What I Learned Applying ML to Real Neuroscience Data
When you learn machine learning in the classroom, you’re often given clean data. Typically, these datasets are tailored towards specific models. As a result, you see perfect distributions, correct clusters, and the end-to-end process is satisfying like fitting together the pieces of a puzzle. I wish this were the case for the Motorola-funded research project at DePaul University, but instead of neatly fitting puzzle pieces, I was handed a box with puzzle pieces from mismatched sets. It was a complete slap in the face to what I’d been taught.
The project’s goals were to map how 13 brainstem nuclei in the reticular formation relate to orofacial motor behaviors. These behaviors are responsible for vital movements like chewing, breathing, and swallowing. The current gap in knowledge of this region in the brain inhibits our understanding of neurodevelopmental and neurodegenerative disorders such as dysphagia and Sudden Infant Death Syndrome (SIDS).
We used spatial gene expression data from the Allen Mouse Brain Atlas (AMBA). With this data, we applied various spatial clustering methods and dimensionality reduction to find patterns across these structures.
Here’s what I actually learned from this project.
Data retrieval is MESSY #
Now don’t get me wrong, AMBA is a remarkable resource. It’s a comprehensive atlas that houses gene expression data across several aged mouse brains with spatial data per volumetric pixel (voxel). The data is also general purpose, which means it most likely doesn’t suit your needs out-of-the-box.
Researchers and developers know that turning data into something that humans can understand is one of the hardest parts of the project. In our case, AMBA’s API returns data per gene. That’s fine if you’re running models on an isolated gene, but we’re talking about the entire brainstem. There’s undoubtedly going to be thousands of genes influencing the brainstem, and consequently, orofacial motor behaviors.
I never would’ve thought that the bottleneck of the data retrieval would be the API performance, but it makes perfect sense looking back. There are a couple of parameters you can choose with AMBA’s API including which gene, expression measurement (density, intensity, energy), mouse age, etc… In my case, I needed to retrieve density measurements for the P56 (56 day old) mouse. The data returned is a vector of N doubles representing gene density percentages from 0-1 where N is the spatial resolution of the given mouse brain.
X = width (num. voxels)
Y = height (num. voxels)
Z = depth (num. voxels)
Spatial Resolution (N) = X * Y * Z voxelsIn our case, we were looking at a spatial resolution of ~160,000 voxels cubed. For a single gene, there will be 160,000 data points. Now imagine 5,000 genes. I felt a cold shiver down my spine just thinking about it. That’s 800 million data points.
Assuming one API call takes approximately 20 seconds (and it usually did), it would take me over 24 hours to retrieve data for all genes.
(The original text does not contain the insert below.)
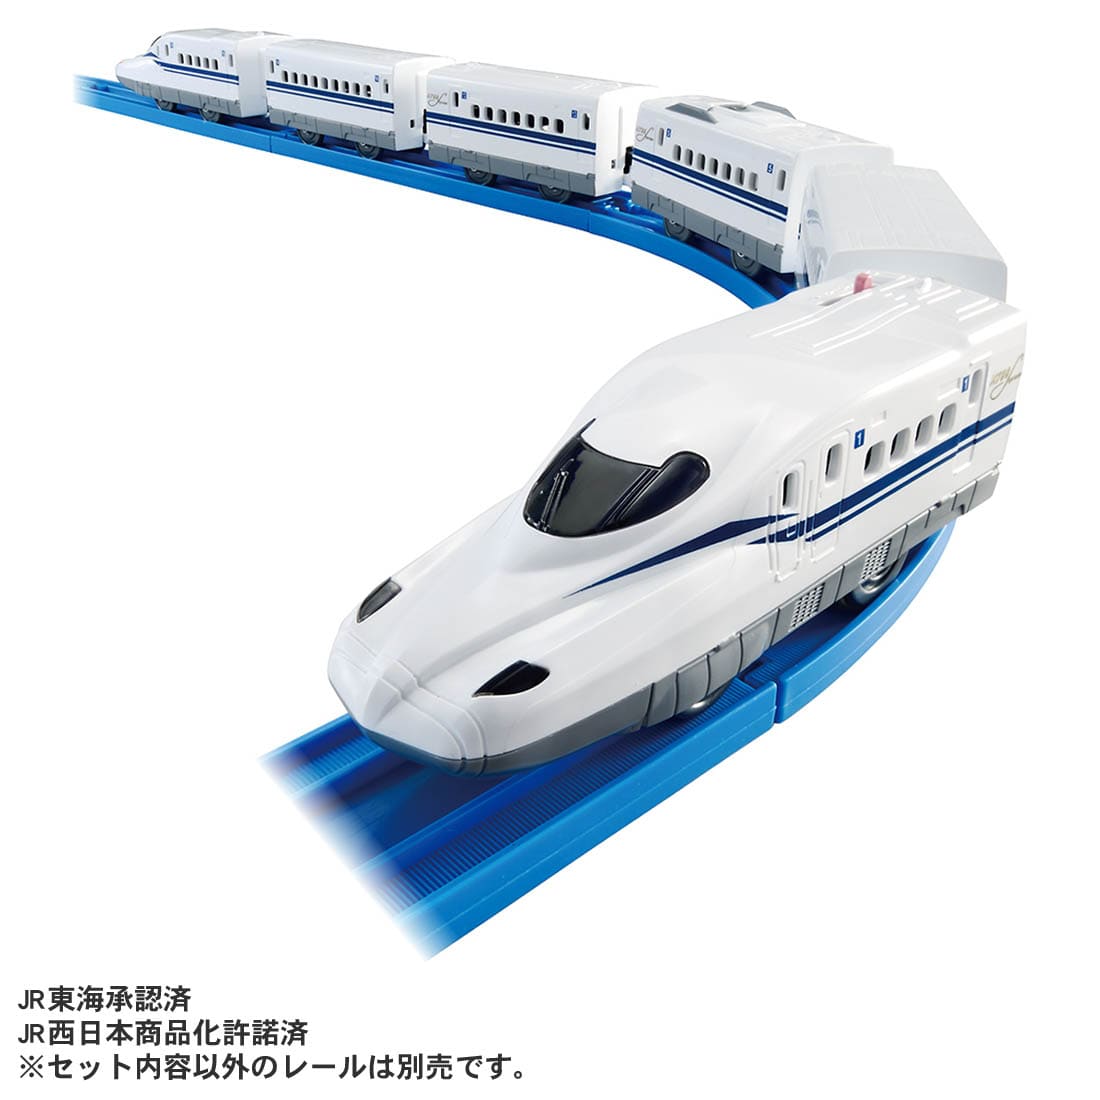 《TAKARA TOMY》PLARAIL鐵道王國 N700S 新幹線變速列車組-6節車廂 東喬精品百貨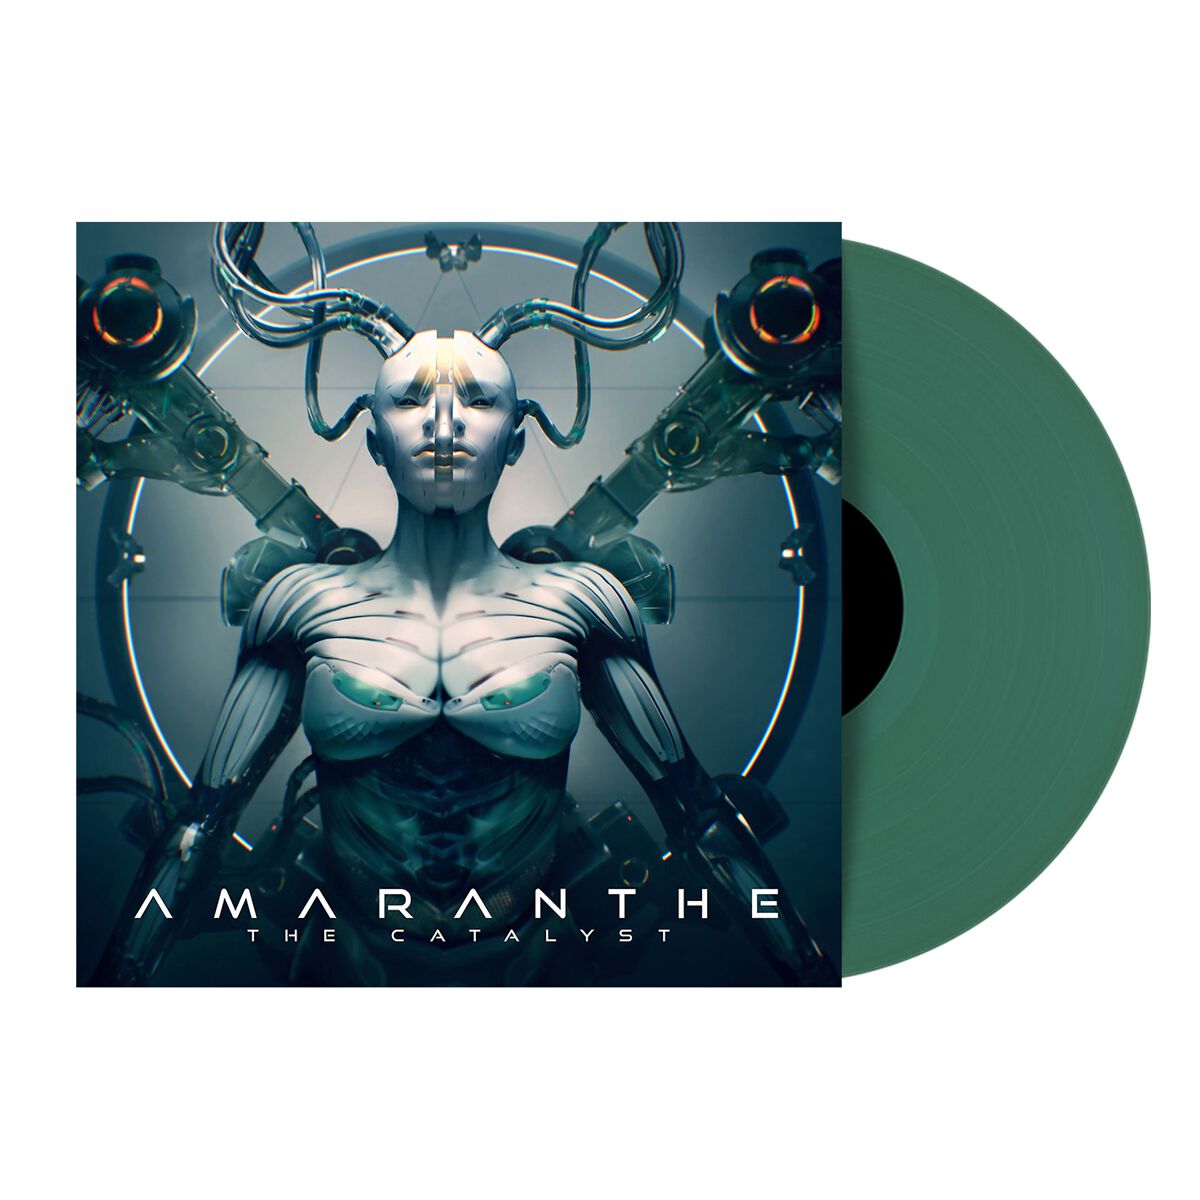 The Catalyst von Amaranthe - LP (Coloured, Limited Edition)

From a research perspective, that doesn’t sound like a lot of time. However, I was a college student at a university with little support for research. We didn’t have powerful servers to delegate expensive tasks like this. I did this on my MacBook.
You may be thinking: "You could’ve spun up multiple threads to retrieve the data faster!” That’s true, and I actually implemented a multi-threaded solution until I realized a major setback running it for the first time: RATE LIMITING.
You’re probably thinking I came up with an elegant solution. Unfortunately, I didn’t think to implement one. I just let it run one request at a time. For 24 hours, my MacBook sat like an oven with the fans spinning for their lives.